Exercise prompt
A verbatim repeat of the lines below is required, with the pictures removed.

Recorded information

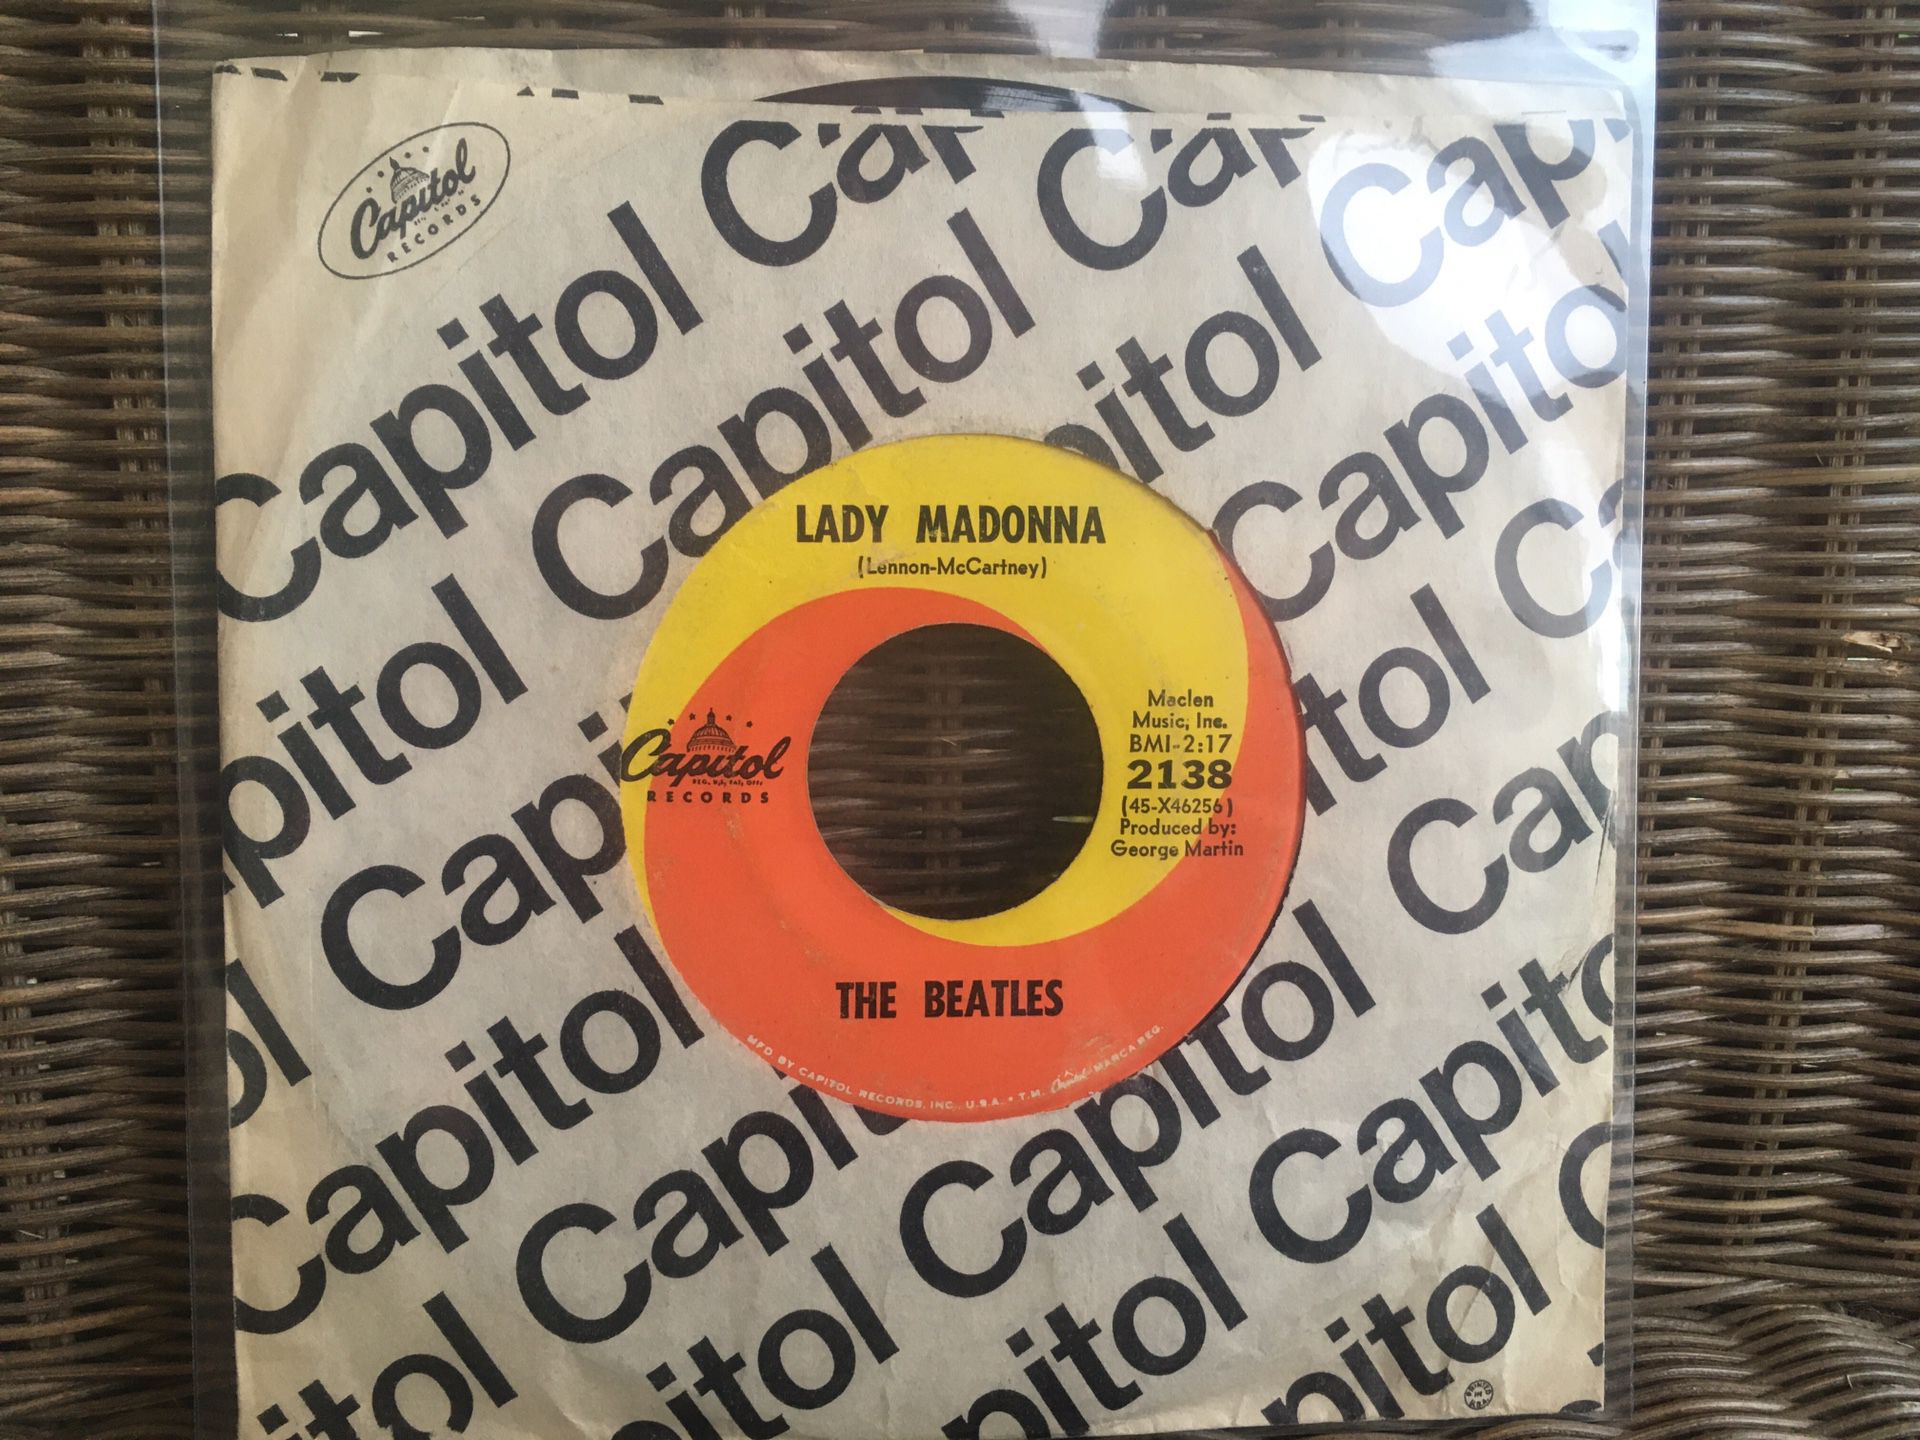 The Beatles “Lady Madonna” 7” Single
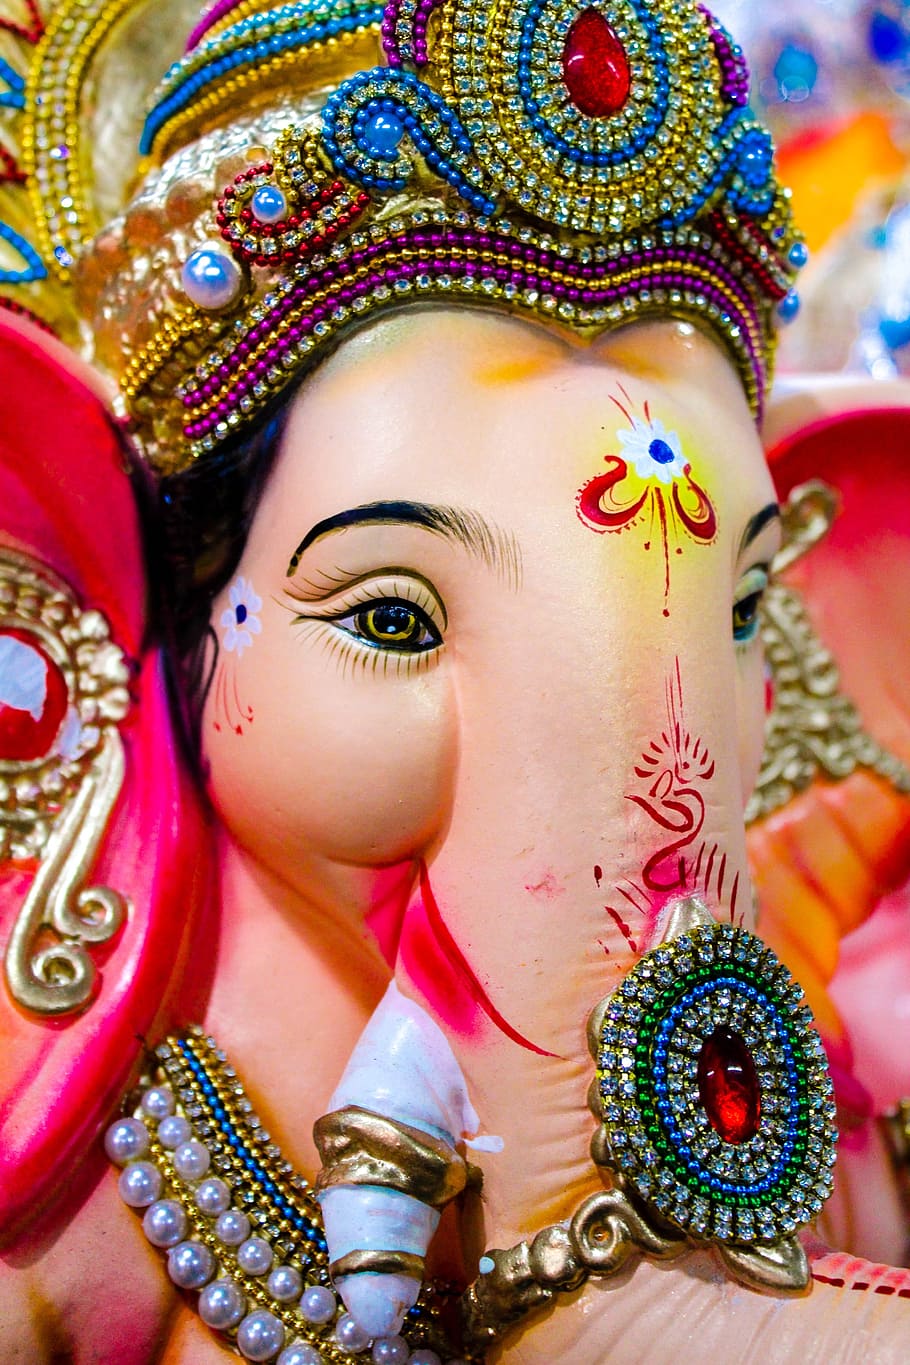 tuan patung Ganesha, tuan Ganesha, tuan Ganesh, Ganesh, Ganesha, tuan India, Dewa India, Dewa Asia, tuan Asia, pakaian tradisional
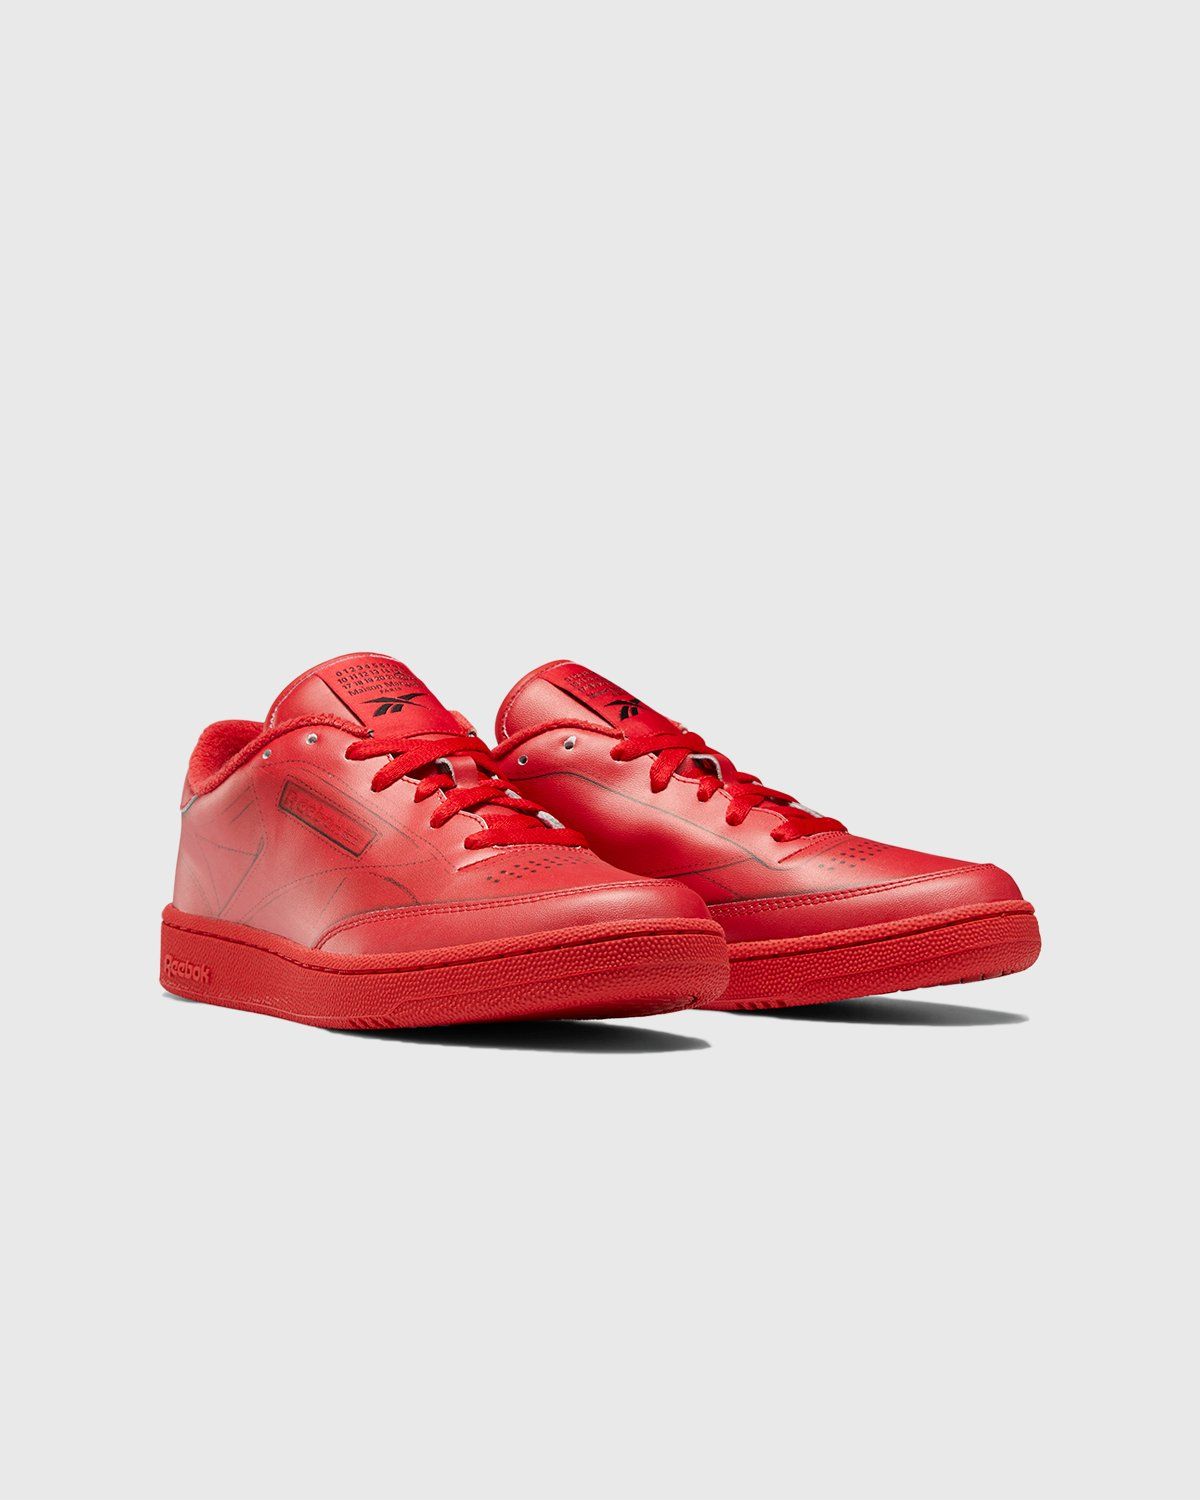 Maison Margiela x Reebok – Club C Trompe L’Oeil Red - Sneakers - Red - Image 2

Written solution
 The Beatles “Lady Madonna” 7” Single
 tuan patung Ganesha, tuan Ganesha, tuan Ganesh, Ganesh, Ganesha, tuan India, Dewa India, Dewa Asia, tuan Asia, pakaian tradisional
 Maison Margiela x Reebok – Club C Trompe L’Oeil Red - Sneakers - Red - Image 2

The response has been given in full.